Nothing but the lines below from the one holding "Test equipment with software" up to and including the one holding "Fried noodles Yakisoba" should be copied, exactly and without pictures.

Provided data
Start of Block

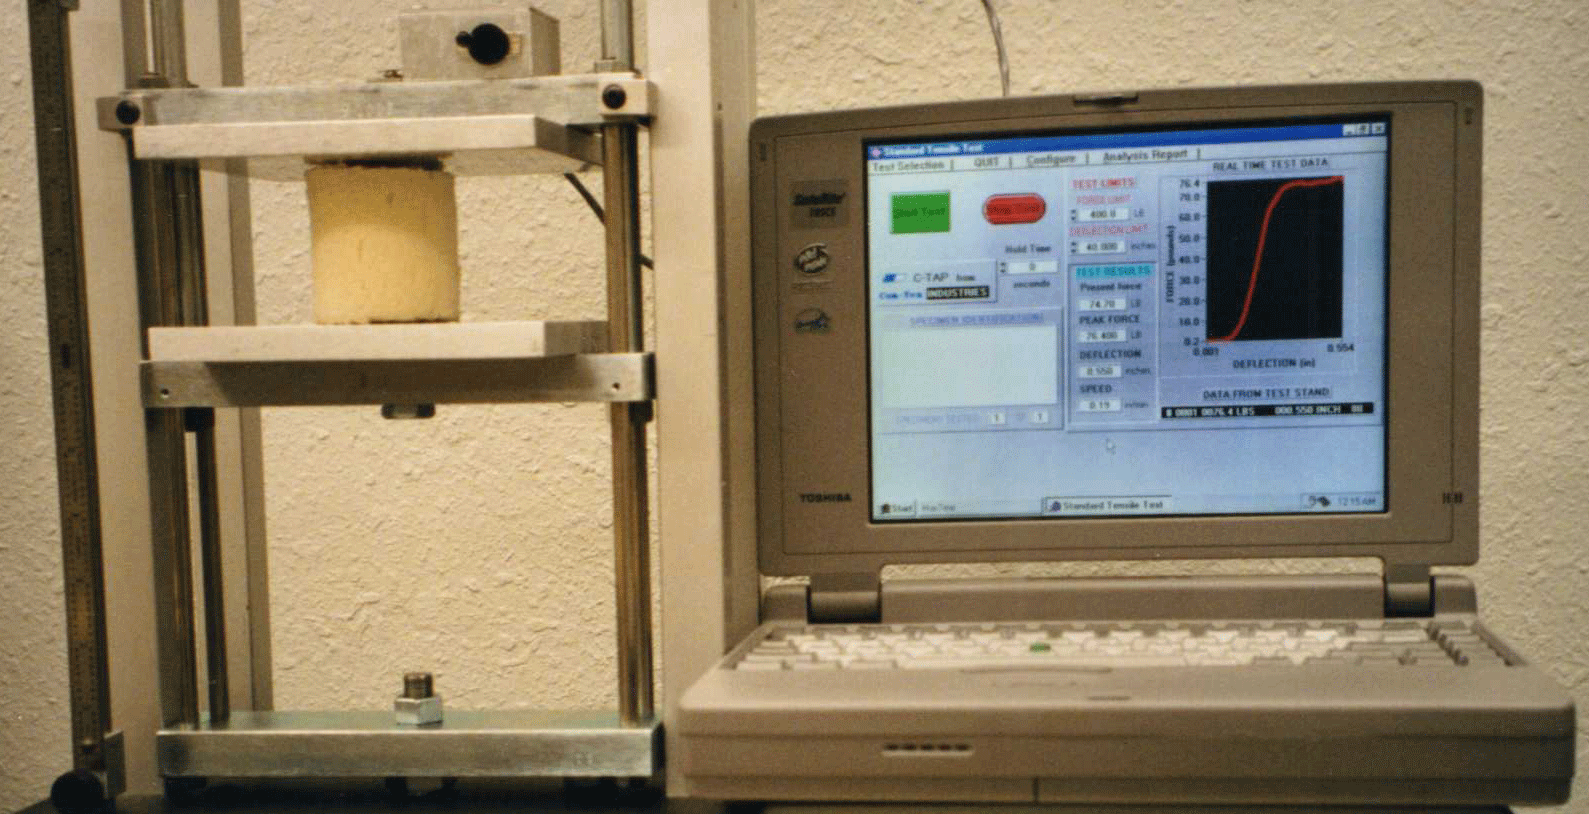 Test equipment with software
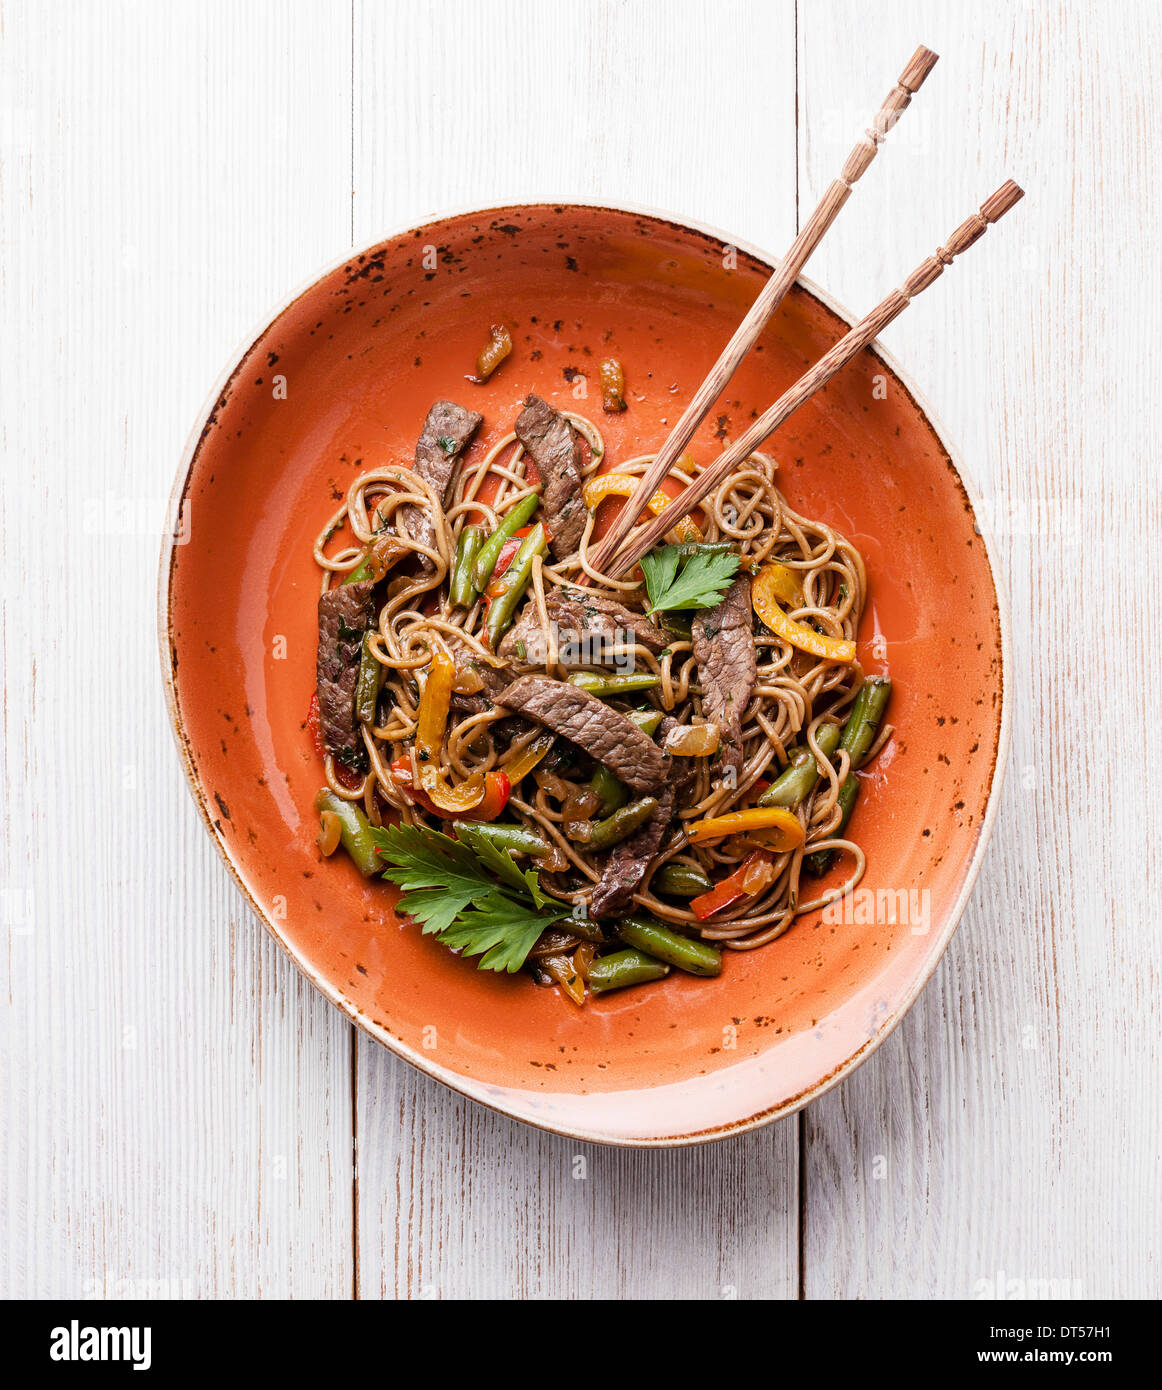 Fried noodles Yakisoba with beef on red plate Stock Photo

End of Block
Start of Block

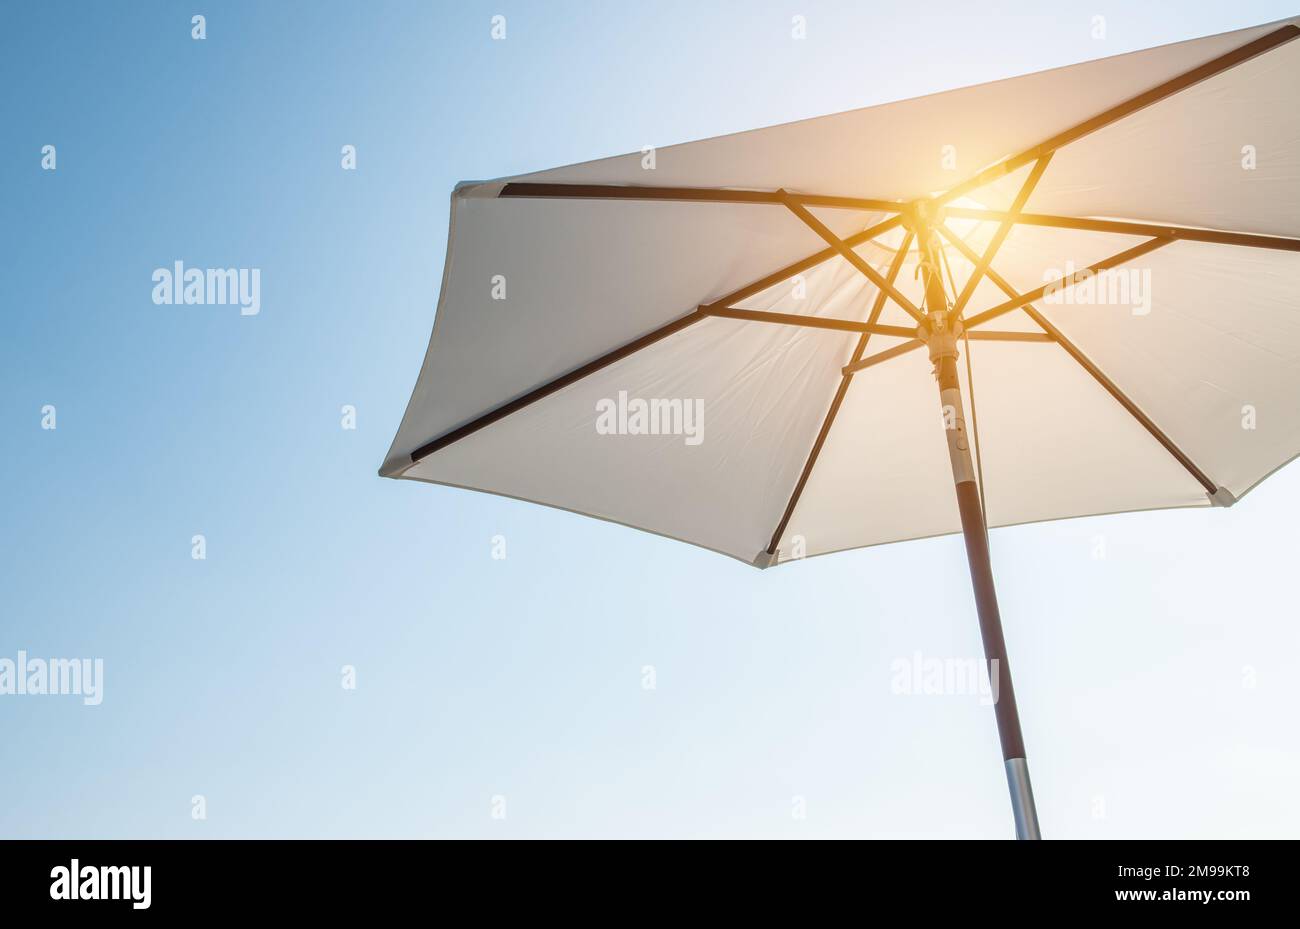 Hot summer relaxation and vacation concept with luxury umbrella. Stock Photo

End of Block
Start of Block

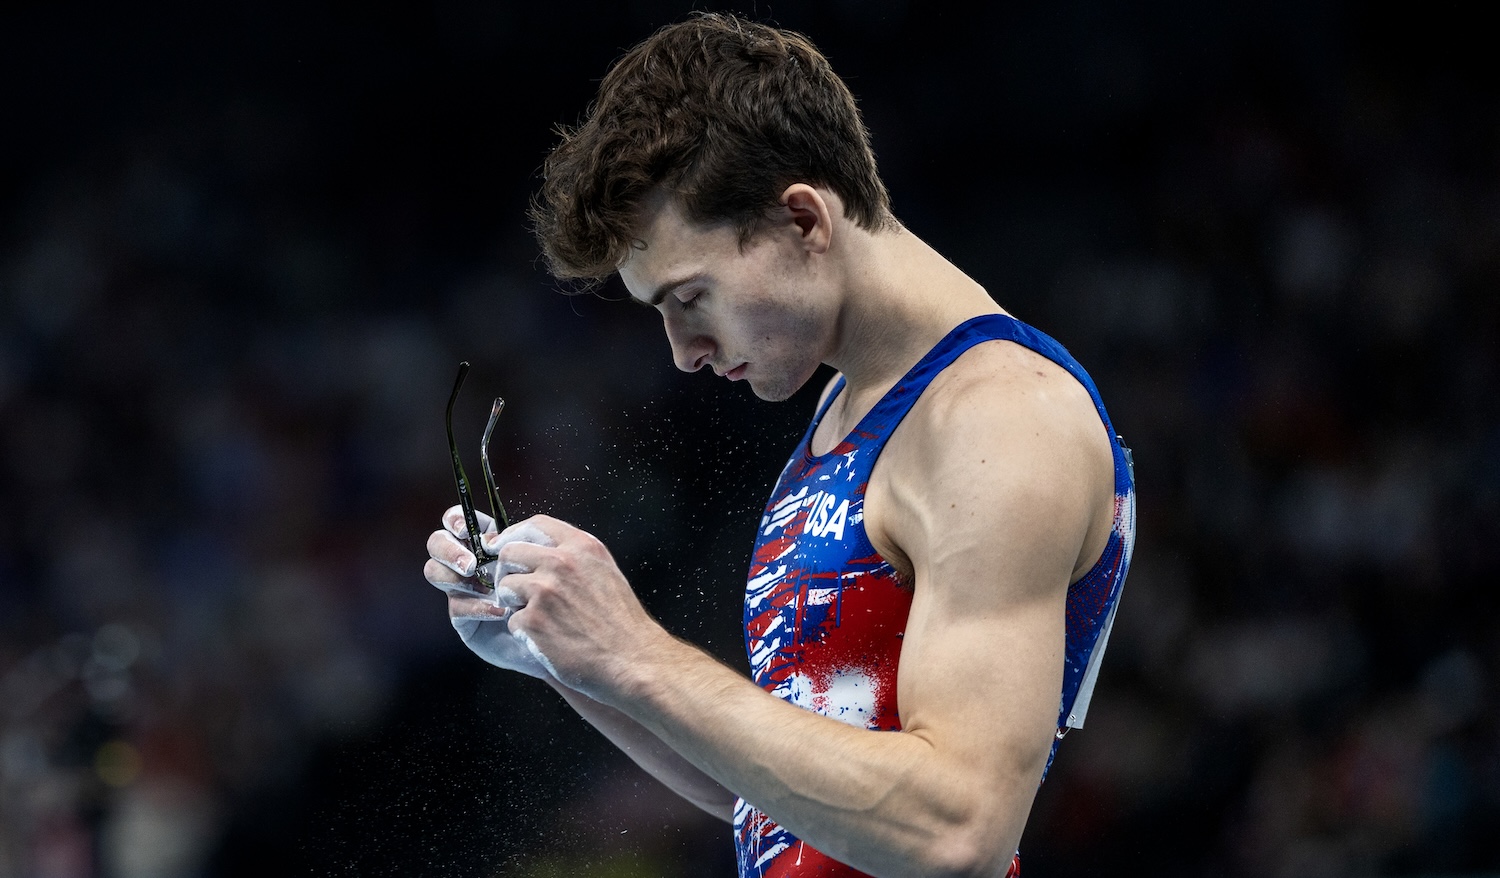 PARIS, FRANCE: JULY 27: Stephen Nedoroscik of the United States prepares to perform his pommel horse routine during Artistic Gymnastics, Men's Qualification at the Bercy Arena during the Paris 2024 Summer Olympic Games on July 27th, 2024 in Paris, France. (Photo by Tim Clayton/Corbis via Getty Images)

End of Block

Result of the task
 Test equipment with software
 Fried noodles Yakisoba with beef on red plate Stock Photo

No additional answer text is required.